MINOR: thread: provide an alternative to pthread's rwlock

Since version 1.1.0, OpenSSL's libcrypto ignores the provided locking
mechanism and uses pthread's rwlocks instead. The problem is that for
some code paths (e.g. async engines) this results in a huge amount of
syscalls on systems facing a bit of contention, to the point where more
than 80% of the CPU can be spent in the system dealing with spinlocks
just for futex_wake().

This patch provides an alternative by redefining the relevant pthread
rwlocks from the low-overhead version of the progressive rw locks. This
way there will be no more syscalls in case of contention, and CPU will
be burnt in userland. Doing this saves massive amounts of CPU, where
the locks only take 12-15% vs 80% before, which allows SSL to work much
faster on large thread counts (e.g. 24 or more).

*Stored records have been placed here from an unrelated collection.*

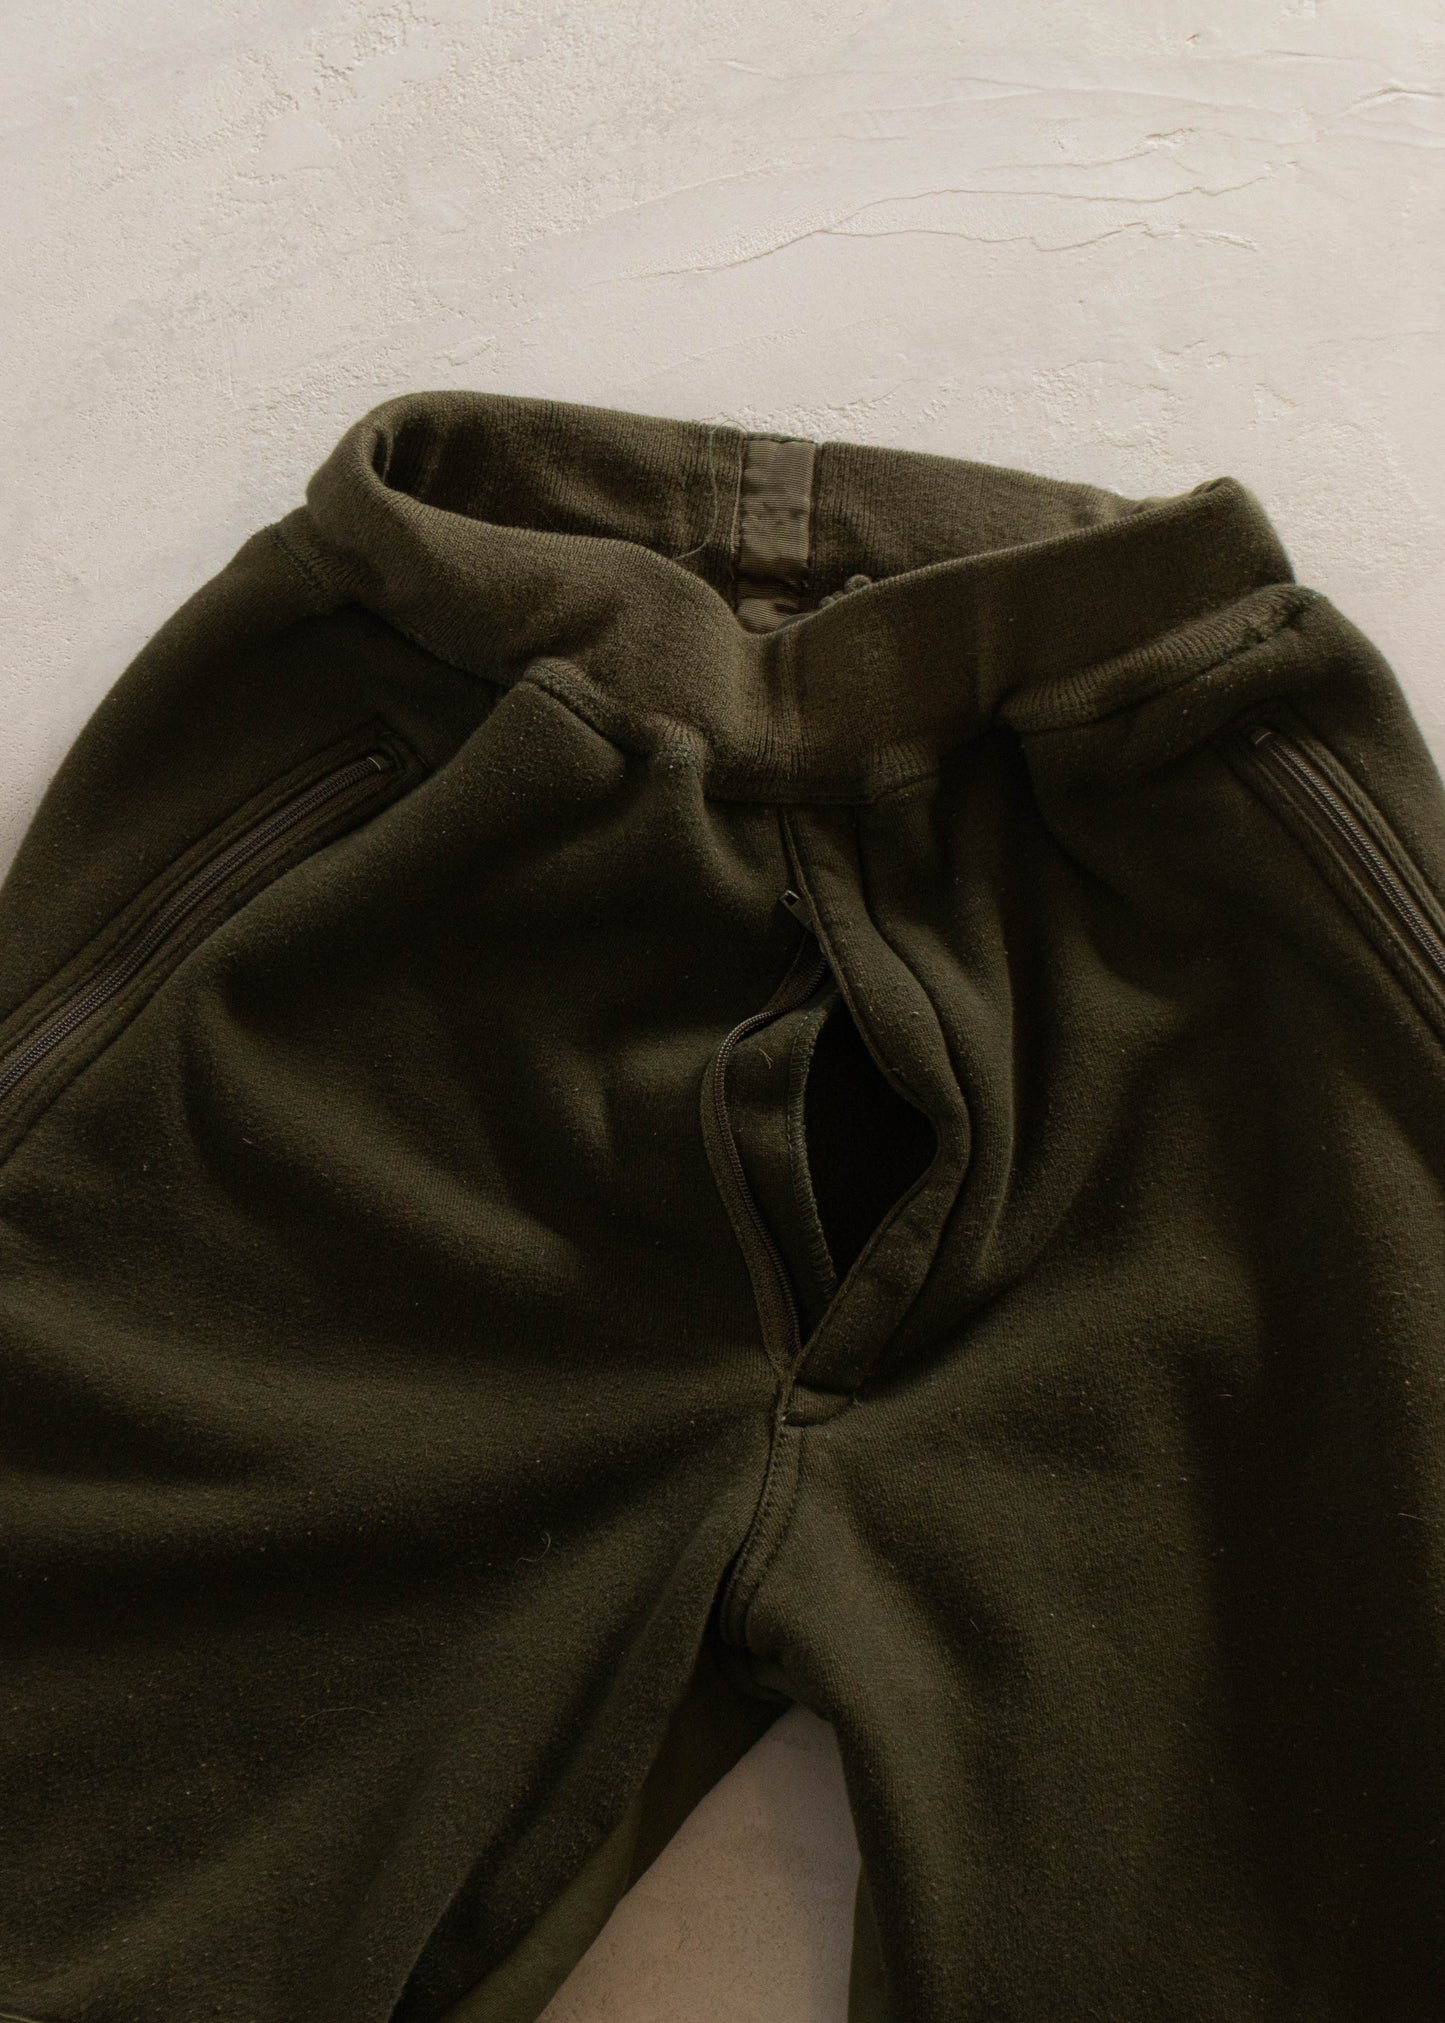 1990s Military Combat Sweatpants Size Women's 27 Men's 30
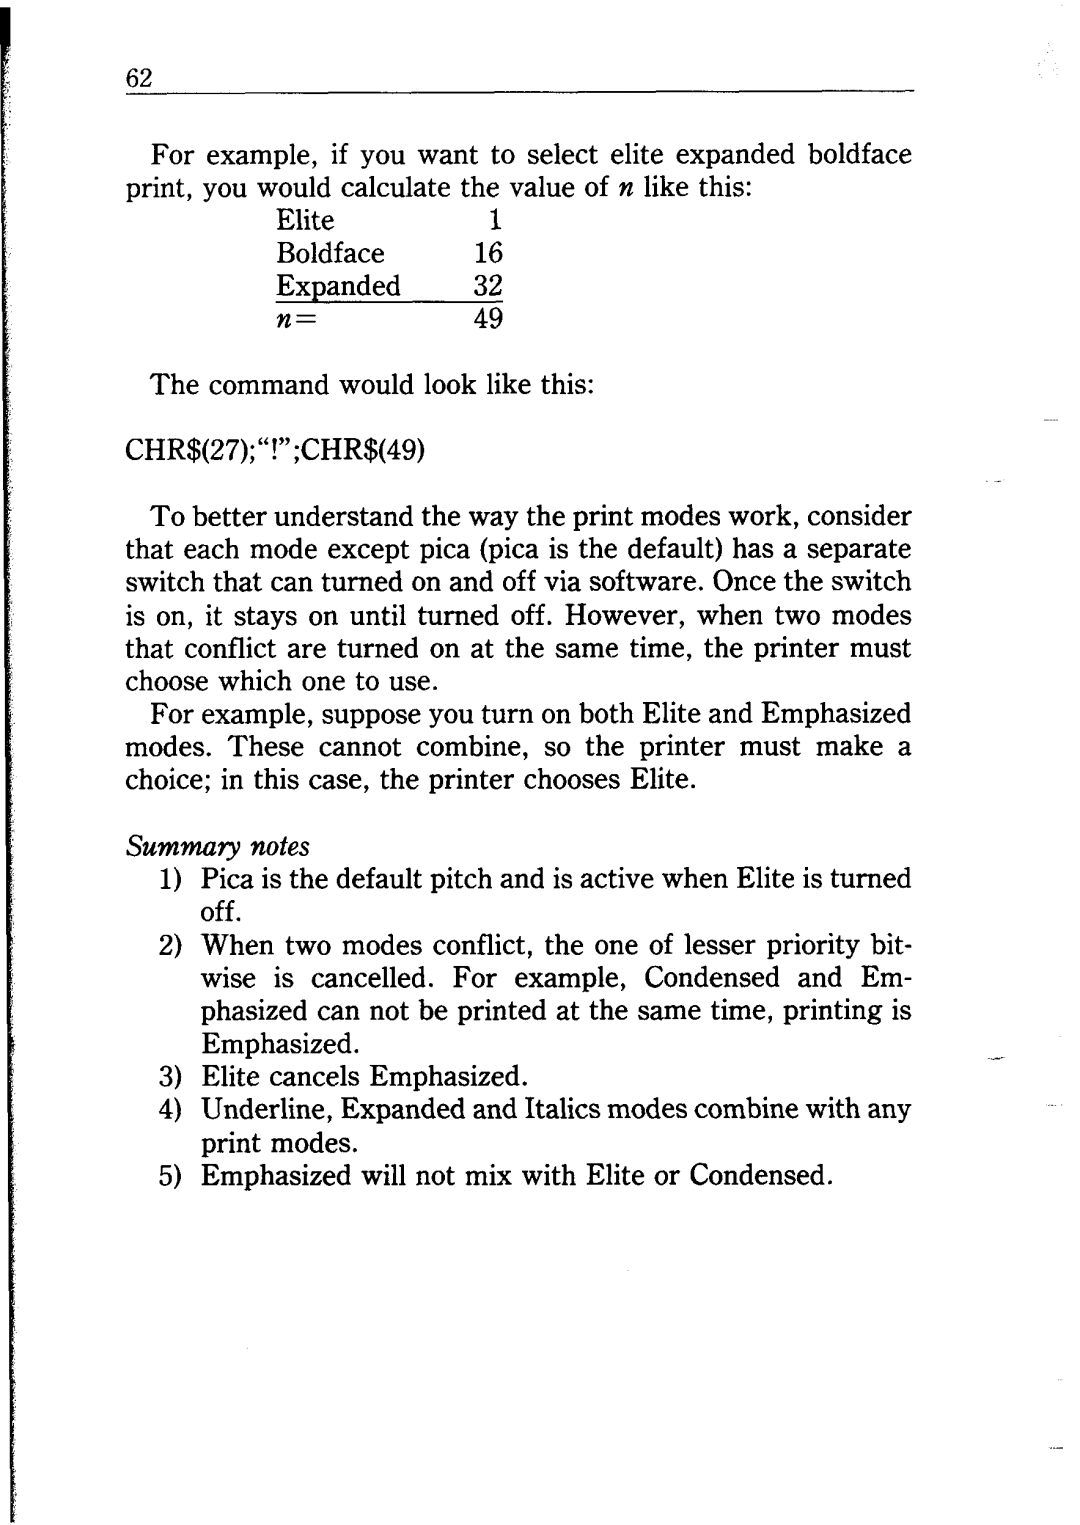 Star Micronics NB24-10/15 user manual Summary notes 
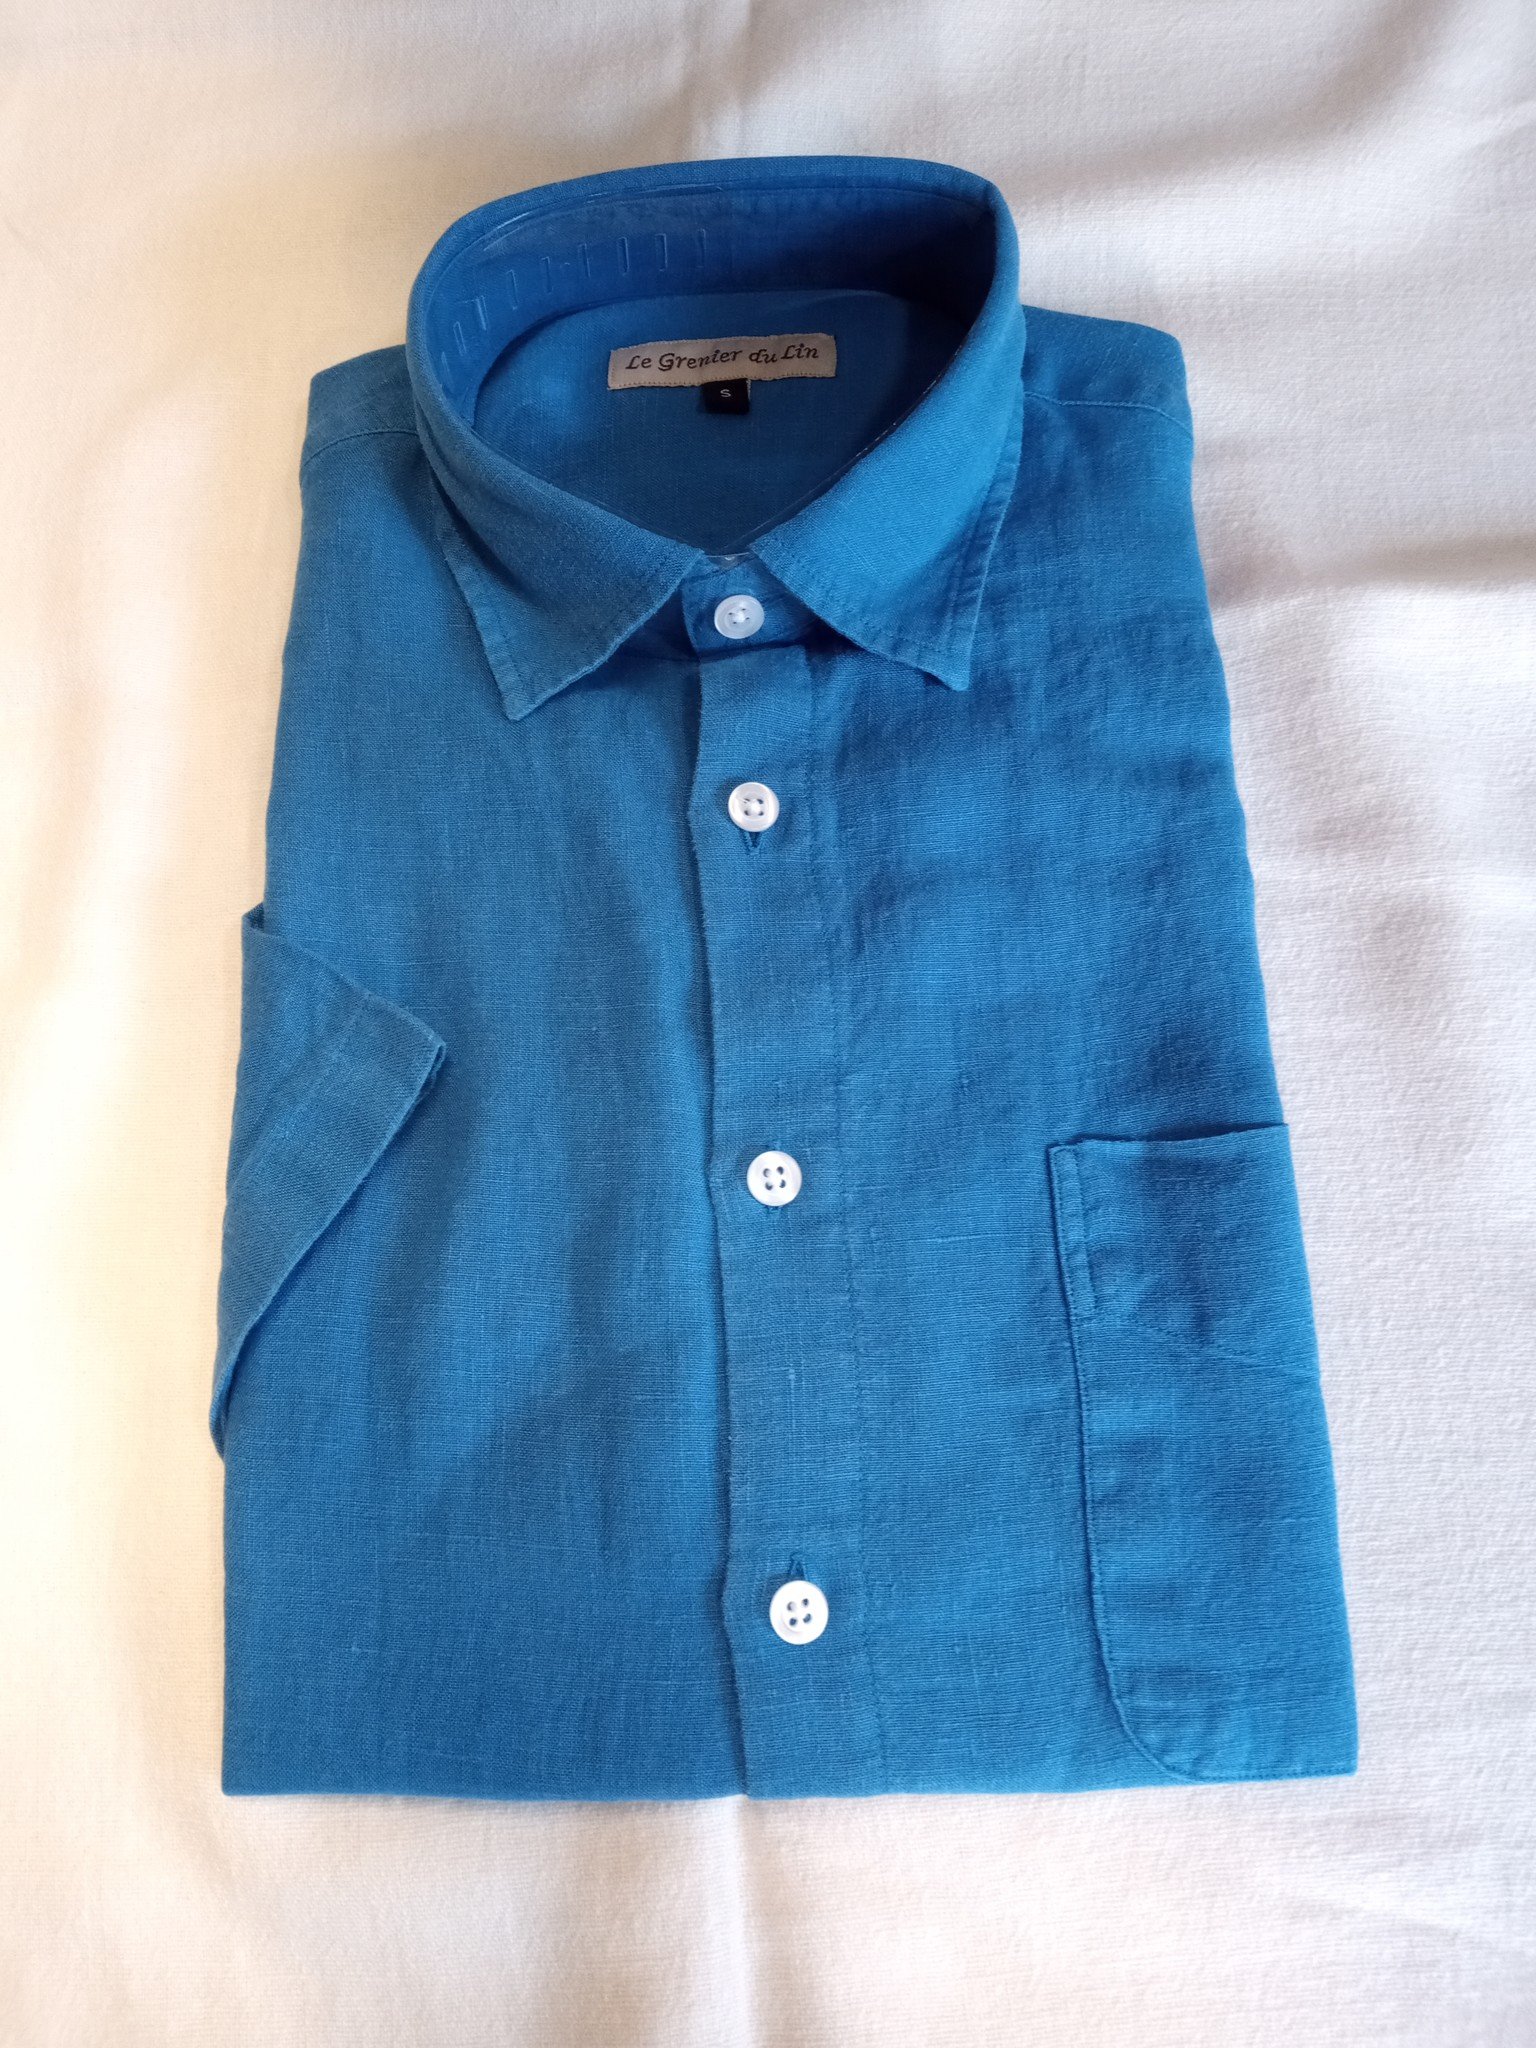 Le grenier du lin Tropical blue short sleeve linen shirt
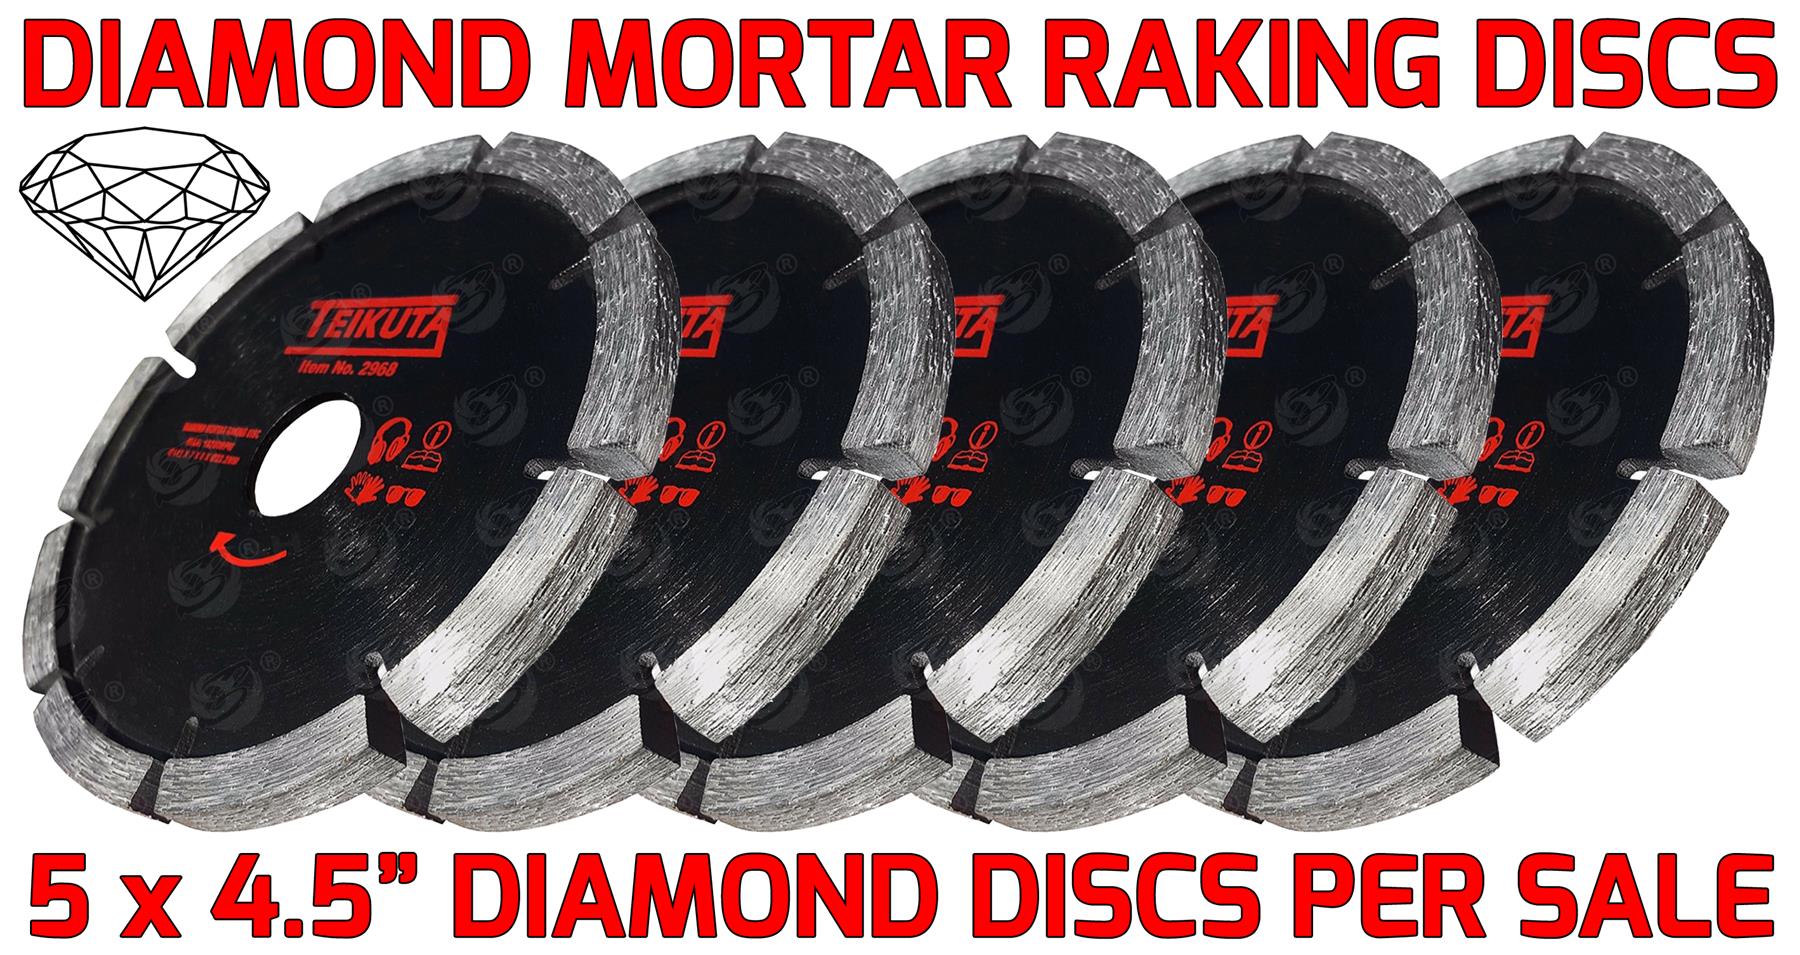 TEIKUTA 4.5" ( 115MM ) DIAMOND MORTAR RAKING DISC ( X 5 )

The tryrdlock and trywrlock variants have been implemented using a CAS
since their goal is only to succeed on no contention and never to wait.
The pthread_rwlock API is complete except that the timed versions of
the rdlock and wrlock do not wait and simply fall back to trylock
versions.

Since the gains have only been observed with async engines for now,
this option remains disabled by default. It can be enabled at build
time using USE_PTHREAD_EMULATION=1.
2 files changed